▶ WHAT YOU HAVE TO DO
Every line of the data below is to be given again as it appears, with the images removed.

▶ INPUT DATA
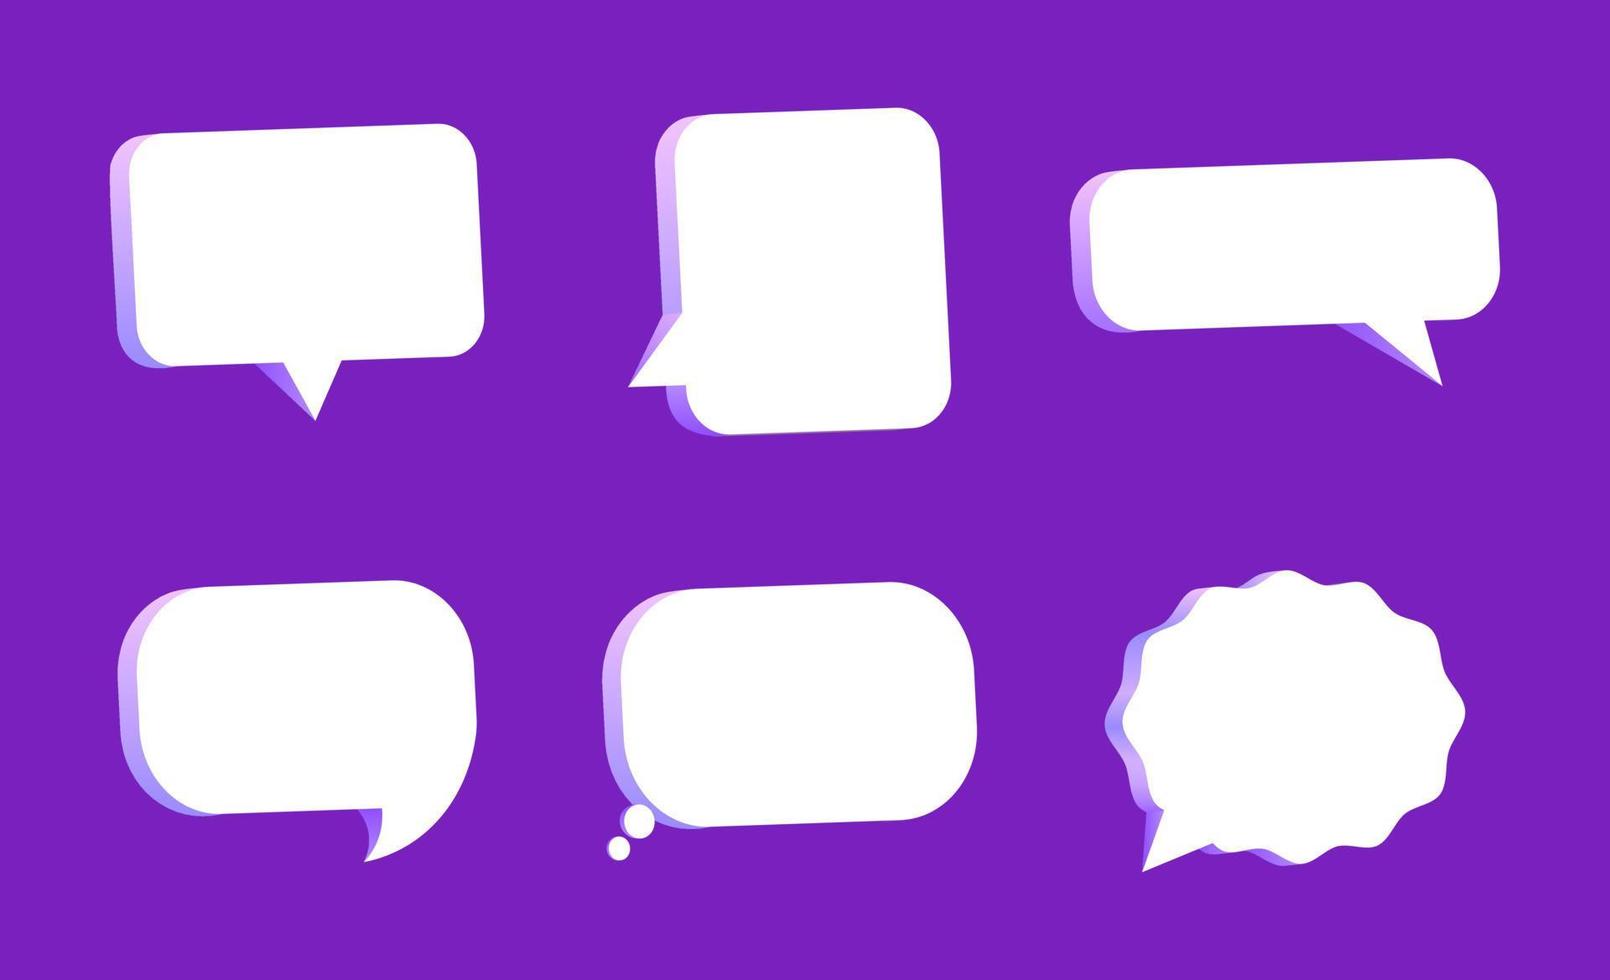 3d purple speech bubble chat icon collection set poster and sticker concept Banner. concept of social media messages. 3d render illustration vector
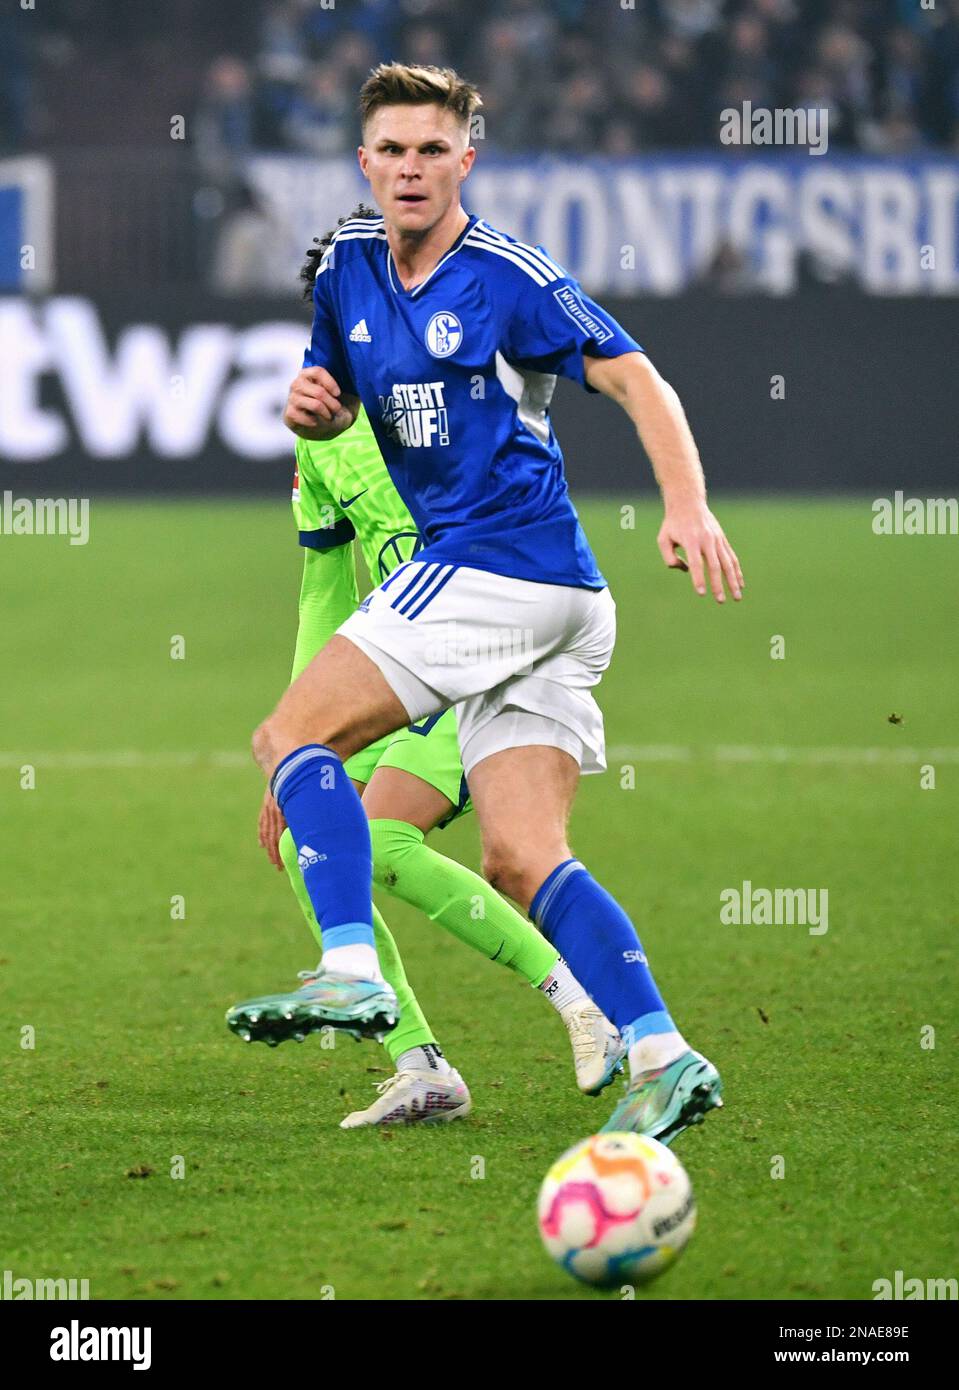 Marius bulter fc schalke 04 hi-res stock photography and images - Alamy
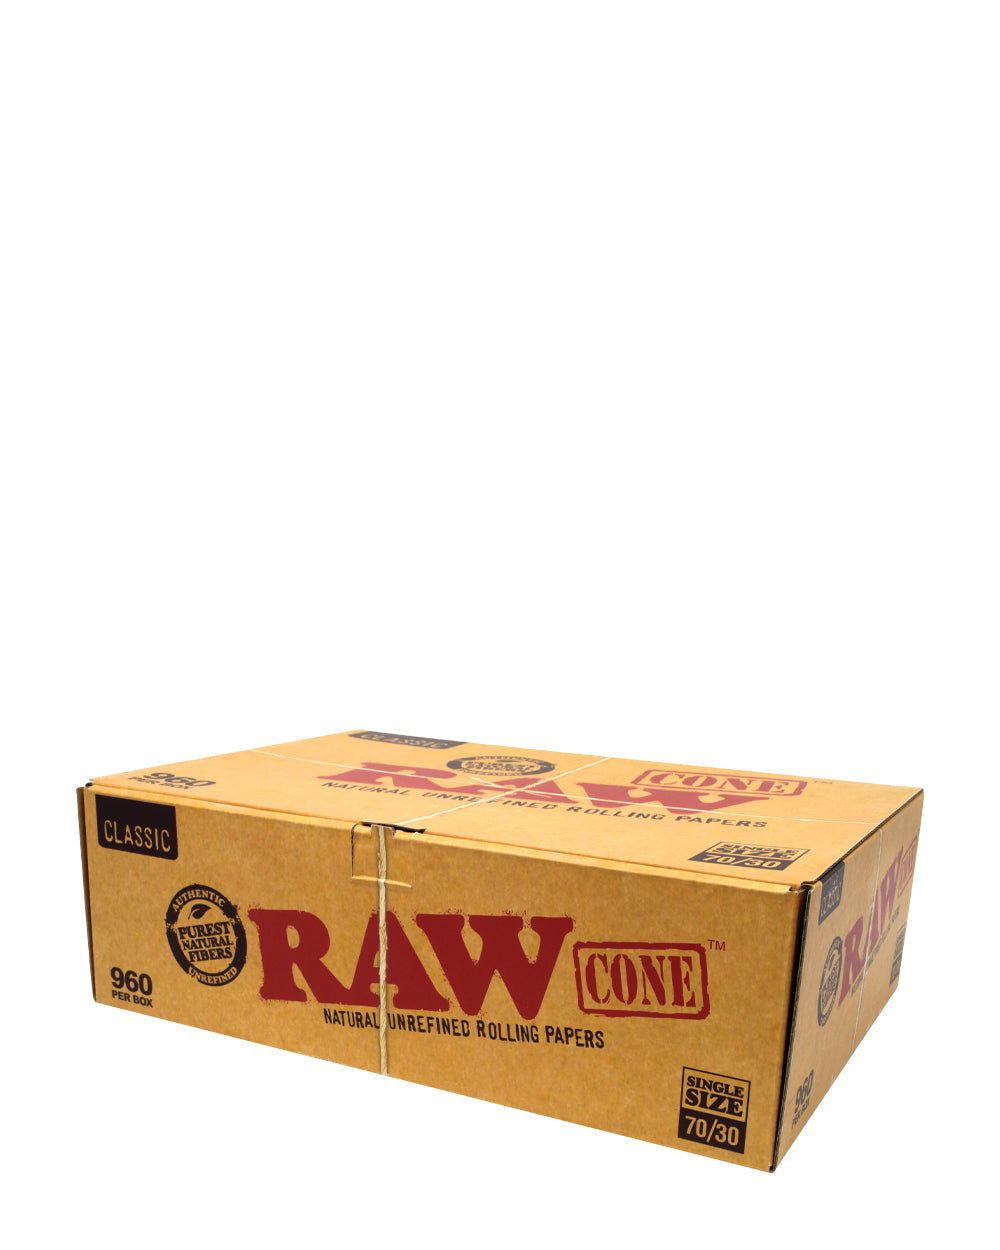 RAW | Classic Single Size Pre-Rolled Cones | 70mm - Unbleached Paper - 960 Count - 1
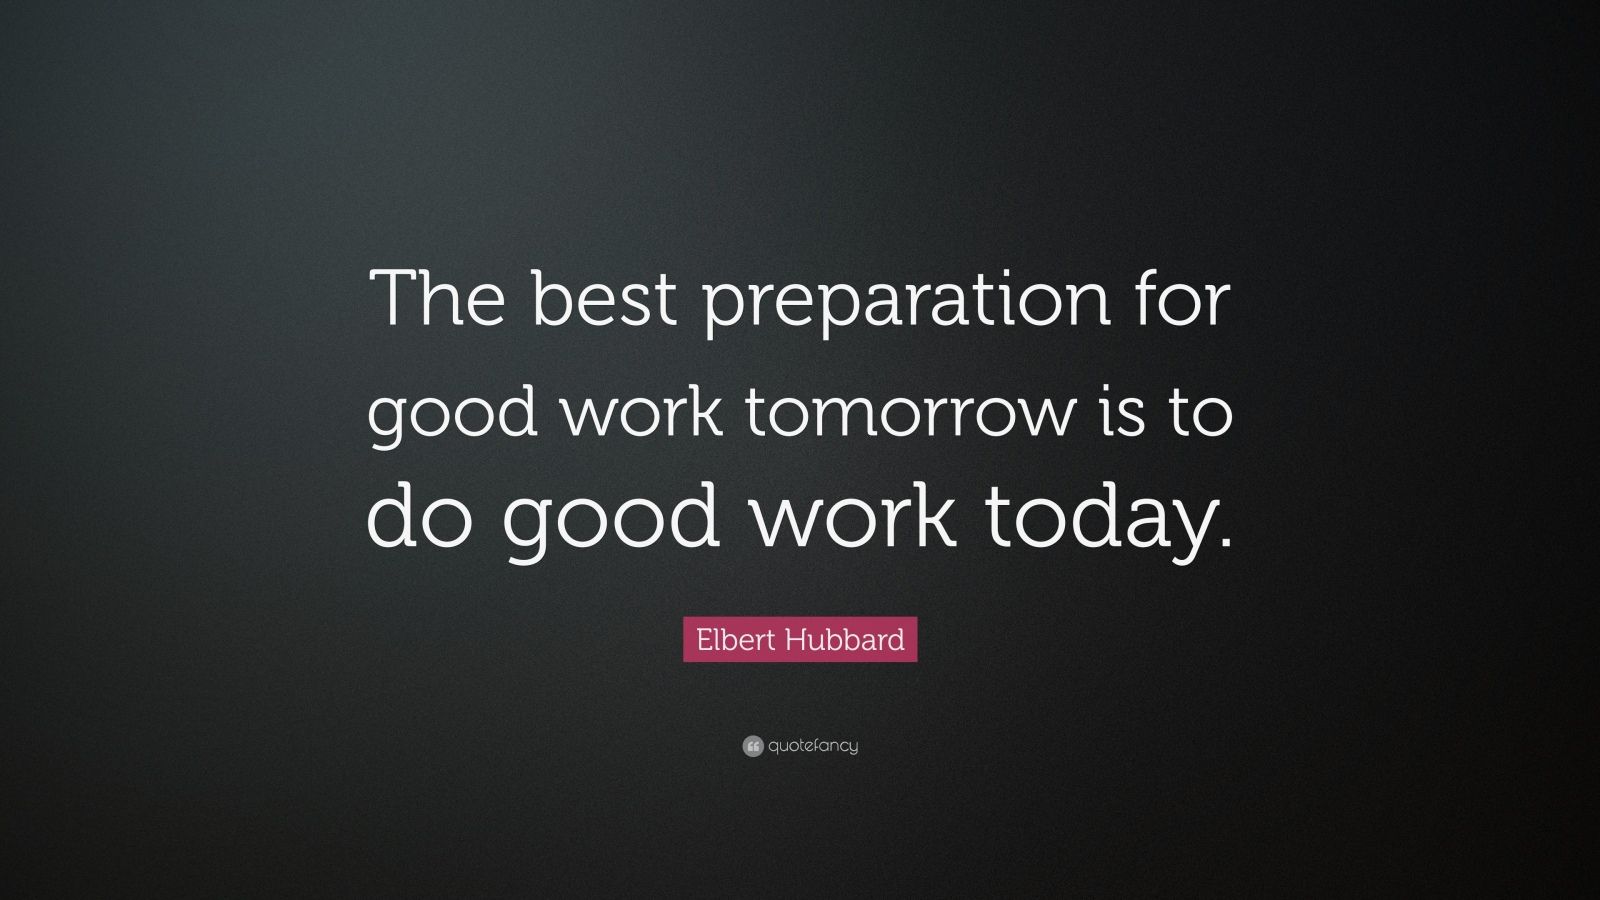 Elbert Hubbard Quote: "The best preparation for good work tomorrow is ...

▶ ANSWER TO THIS EXERCISE
 3d purple speech bubble chat icon collection set poster and sticker concept Banner. concept of social media messages. 3d render illustration vector
 Marius bulter fc schalke 04 hi-res stock photography and images - Alamy
 RAW | Classic Single Size Pre-Rolled Cones | 70mm - Unbleached Paper - 960 Count - 1
 Elbert Hubbard Quote: "The best preparation for good work tomorrow is ...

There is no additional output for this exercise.